Зачем все это, нужно если самое главное теперь создать полицейское Государство, а затем и святую полицейскую империю, наконец , пугающую весь мир до состояния шока? Если сравнивать патриотические заблуждения Дугина с западническими заблуждениями Соловьева, западнические заблуждения Соловьева не выглядят по крайней мере сатанистическими. Соловьев признавал католичество, на том основании, что католическая церковь едина, (под властью единого папы) а православие множественно и разрозненно. Однако, мысль Соловьева удивительно красива и сложна, тем что эти слова Соловьев дополняет мыслью о мессианской, (библейской) роли русского царя.
В чем эта мысль у Соловьева выражается?
Как пишет Соловьев у Христа было три служения – священническое, царское и пророческое, дополняя свое размышление , тем что все три служения должны быть и в едином христианском богочеловечестве. По мысли Соловьева священническое -должно быть под началом папы, царское - под началом русского царя, когда как в роли пророков, должны вступать философы, и сам, Соловьев как главный пророк - в первую очередь.
Мысль может быть и дерзкая.
Однако, заметьте, что Соловьев даже в этой дерзкой мысли был убежденным монархистом и поклонником самодержавия, хотя и критикующим самодержавие за византийский дух. Впрочем разумеется я не отрицаю роль России как Государства, (как не отрицал ее роли и Соловьев), и более того, я как раз за сильное русское, даже патриотическое Государство, но только не в образе государства А. Дугина на его переходе к деспотической священной Империи.
И на этом месте я бы вновь вернулся к Византии.
Однако, Византию я бы осветил и под неким третьим углом, а не только под предыдущими двумя.

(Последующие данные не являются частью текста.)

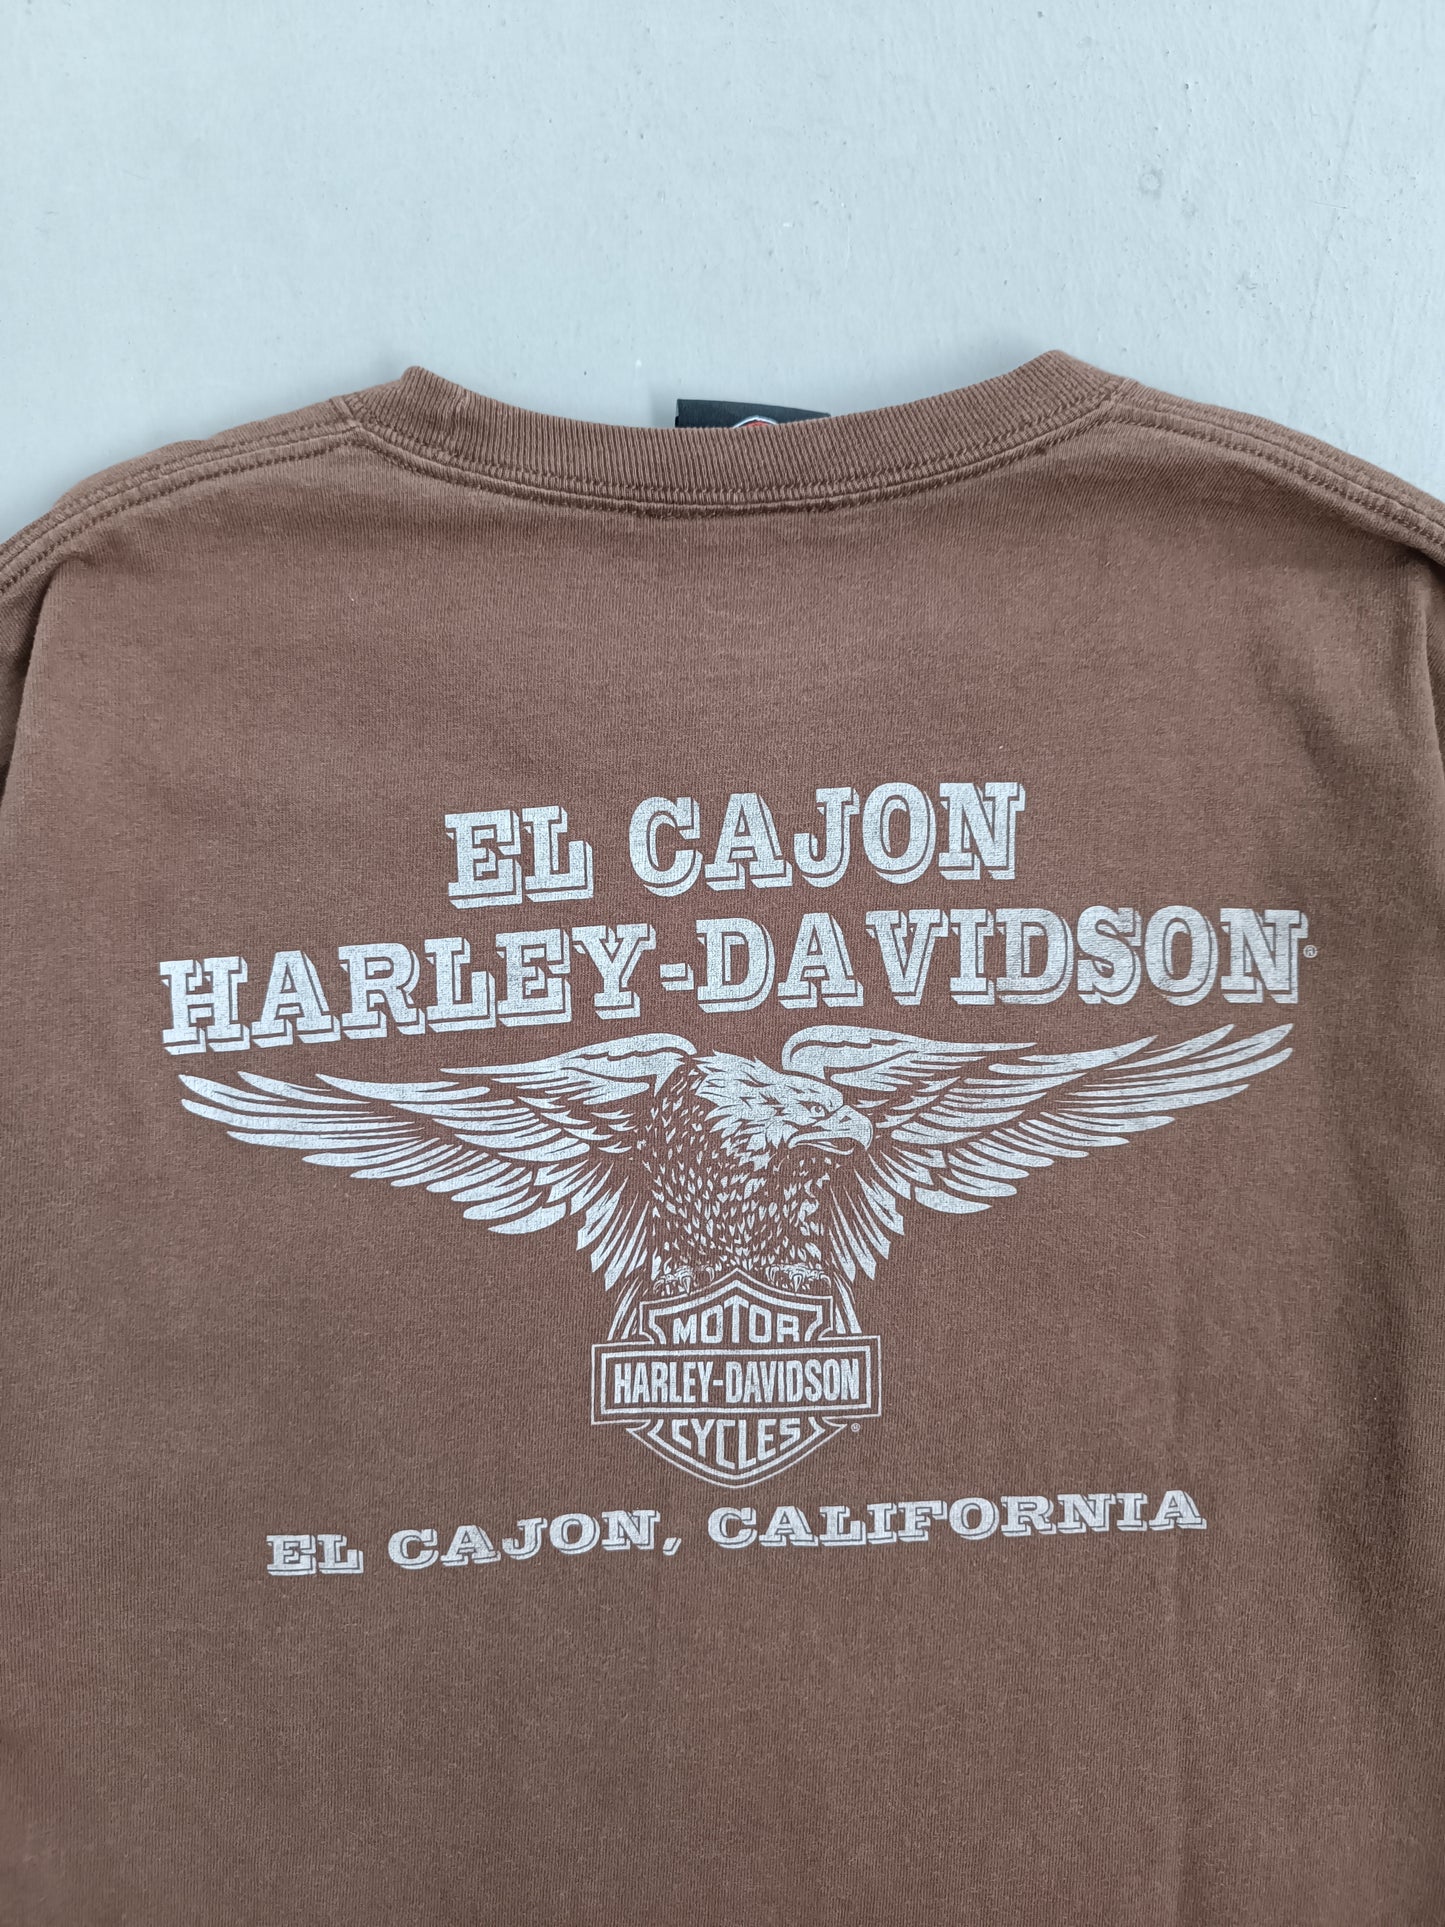 Harley Davidson California - M

Разговор о Византии на самом деле сложный разговор, и думаю, Соловьев был скорее всего прав, когда отмечал, что правители Византии не столько поднимали языческое наследие античного Рима до христианства, сколько, напротив, опускали все христианское, и в христианском смысле небесное в языческую модель византийской деспотии.

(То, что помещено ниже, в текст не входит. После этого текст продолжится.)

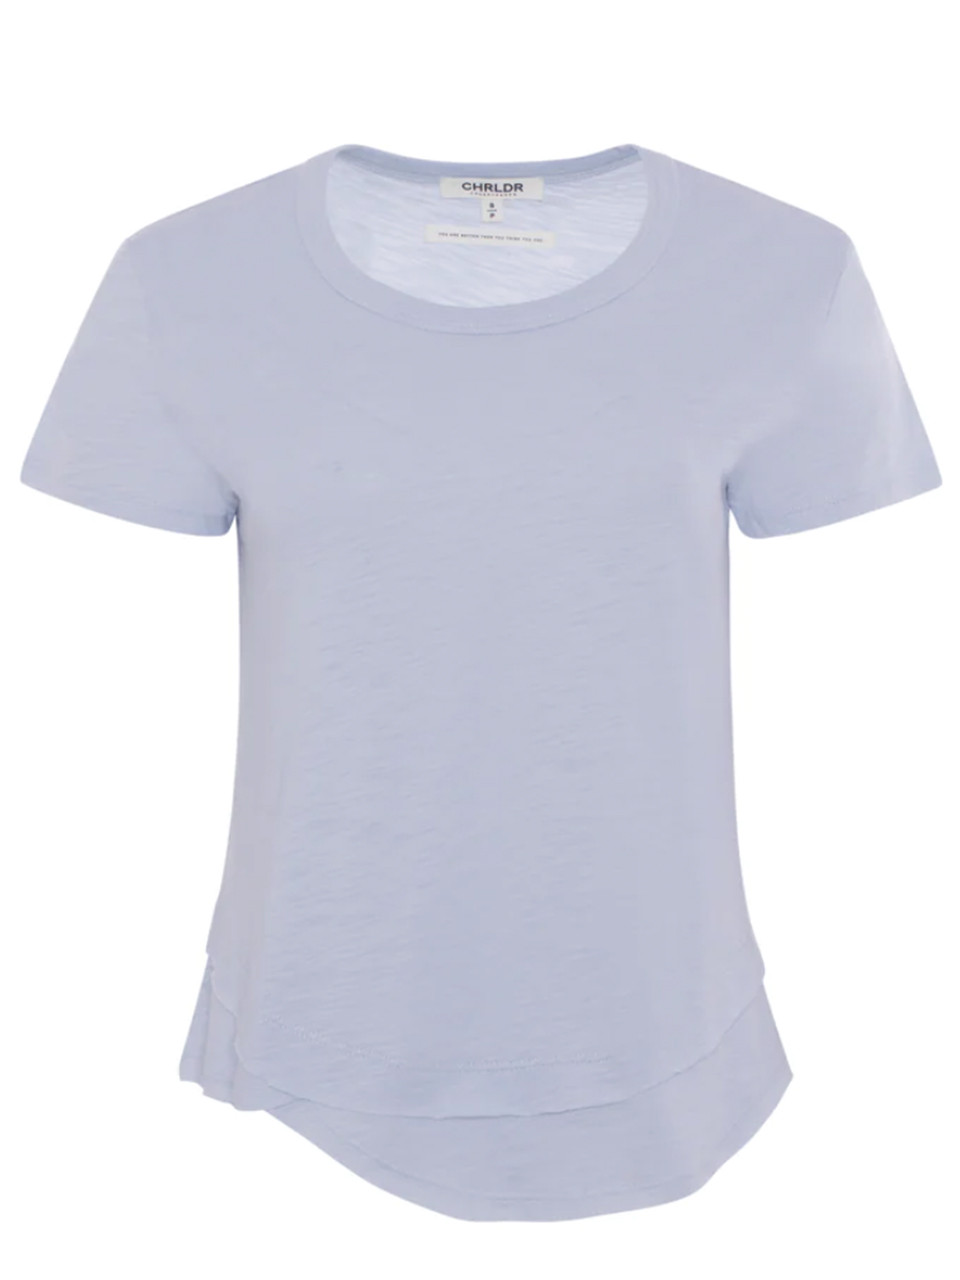 CHRLDR Ava Scoop Mock Layer T-Shirt in Limestone Blue Product Shot

Именно потому (по мысли Соловьева) Византия, кстати, и погибла.
Однако, и среди сторонников Византии как некоего истока Православной Руси - были и некоторые ученые (среди которых был и Тойнби) которые полагали, что не столько Православная Русь вобрала на себя черты Византии, сколько СССР, который к Византии был намного ближе. Не смотря на странность этой мысли, ее нахожу более справедливой, (подразумевая конечно поздний, брежневско-андроповский византизм. )
Это модель государства, которую, застал, кстати, и Дугин.
Поэтому, говоря о жизненности христианства, вернуть Православию жизненность мог бы социализм у которого была бы своя идеология , сочетающаяся с философией Православия чьи идеалы ближе к социалистическим, а не капиталистическим.
Не говоря конечно о роли культуры - в русской, возрожденной Византии...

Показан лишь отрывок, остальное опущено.